In this work, for the first time, we experimentally demonstrated the evolution of particle focusing behavior along a channel downstream length at a high blockage ratio. We discovered that the vertical movement of the particles closely coordinated with their lateral migration, leading to slightly different focusing behavior depending on the flow rate and flow direction. We found that flow rate, device curvature, minimum De, and medium viscosity play important roles in particle lateral migration. Our results illustrate the full focusing pattern along the downstream channel length. Additionally, the simulation results sequentially predict that secondary flow dynamics in the channel cross-section are due to the combined effects of the Dean force and N₂-induced secondary vortices along the channel downstream. Analyses of the particle lateral and vertical migration evolution demonstrated the underlying hydraulic force balance.

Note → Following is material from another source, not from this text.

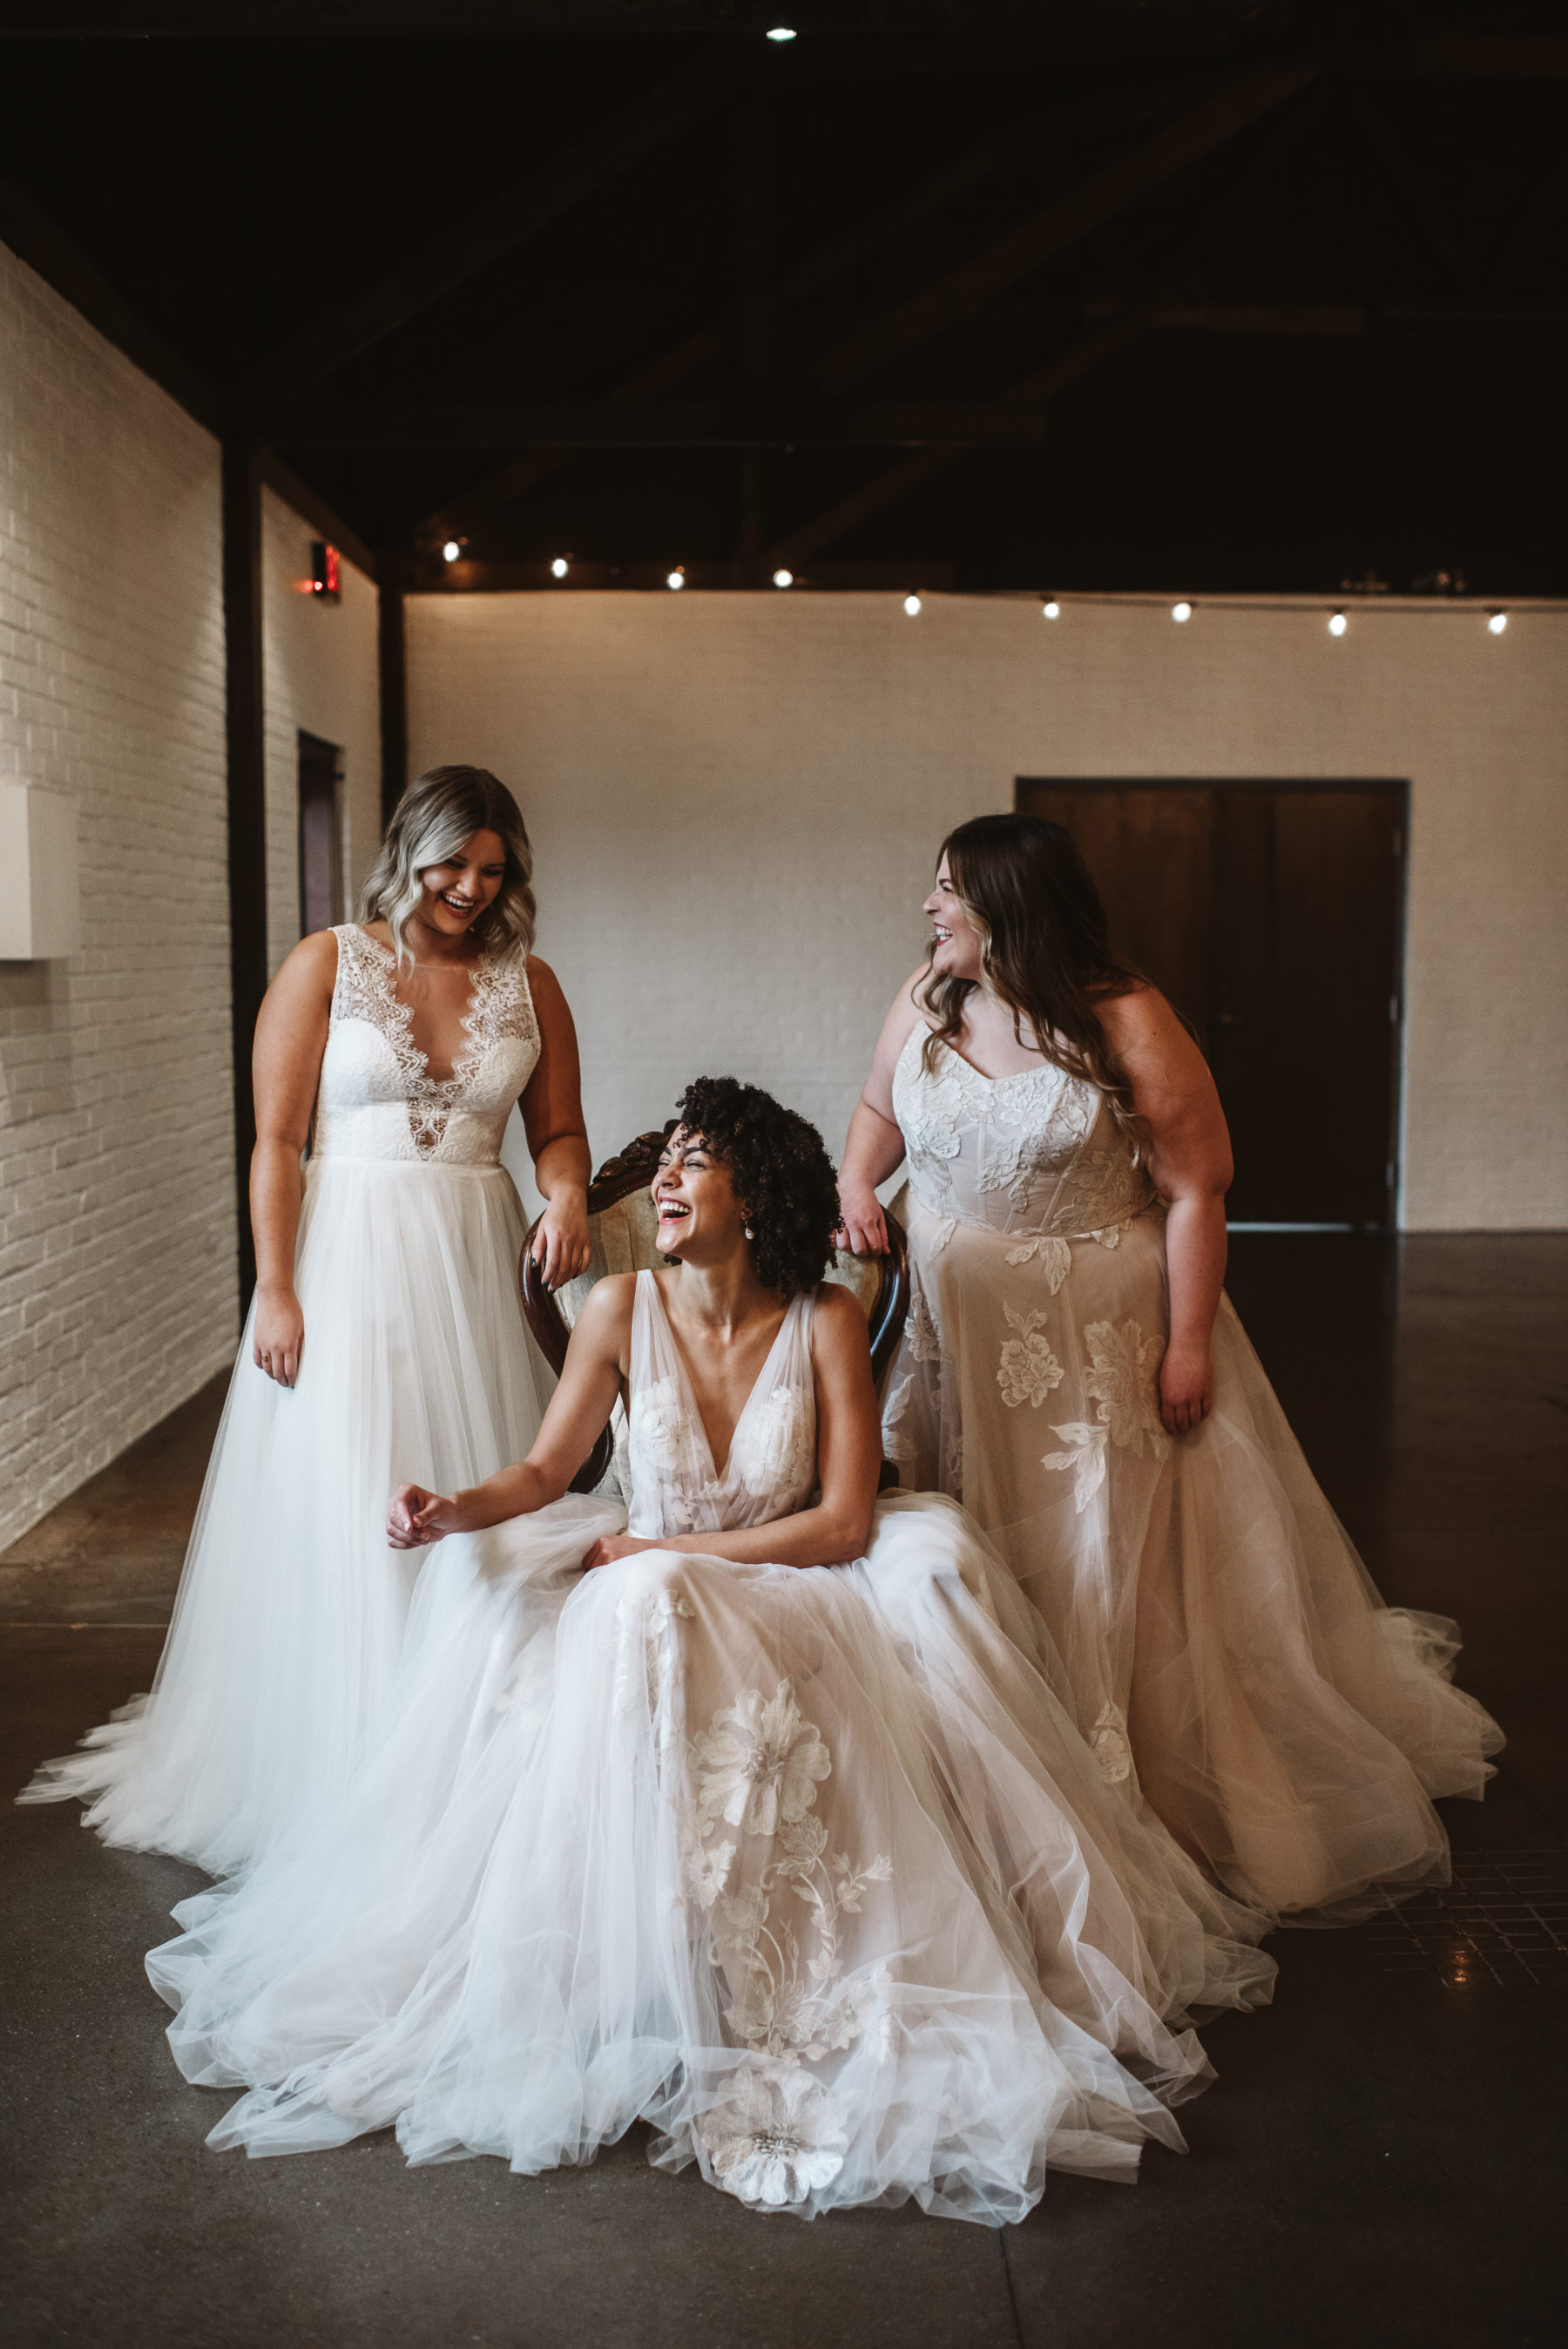 Meet Lavender Park Bridal on Nashville Bride Guide

While the migration dynamics in straight channels have been explored, this work fills the knowledge gap in spiral channels, which exhibit more complex force interactions and unclear focusing dynamics. Our work delineates the migration and focusing patterns in carrier fluids with a wide range of properties. Thus, when developing spiral viscoelastic microfluidic devices, we may consider using only Stage 1 for rapid focusing and enrichment, or we may use 3D focusing in Stage 3 for spatial manipulation and cytometry applications. We may also consider adjusting the fluid properties (e.g., PEO concentration) when the pressure drop inside the device is a constraint.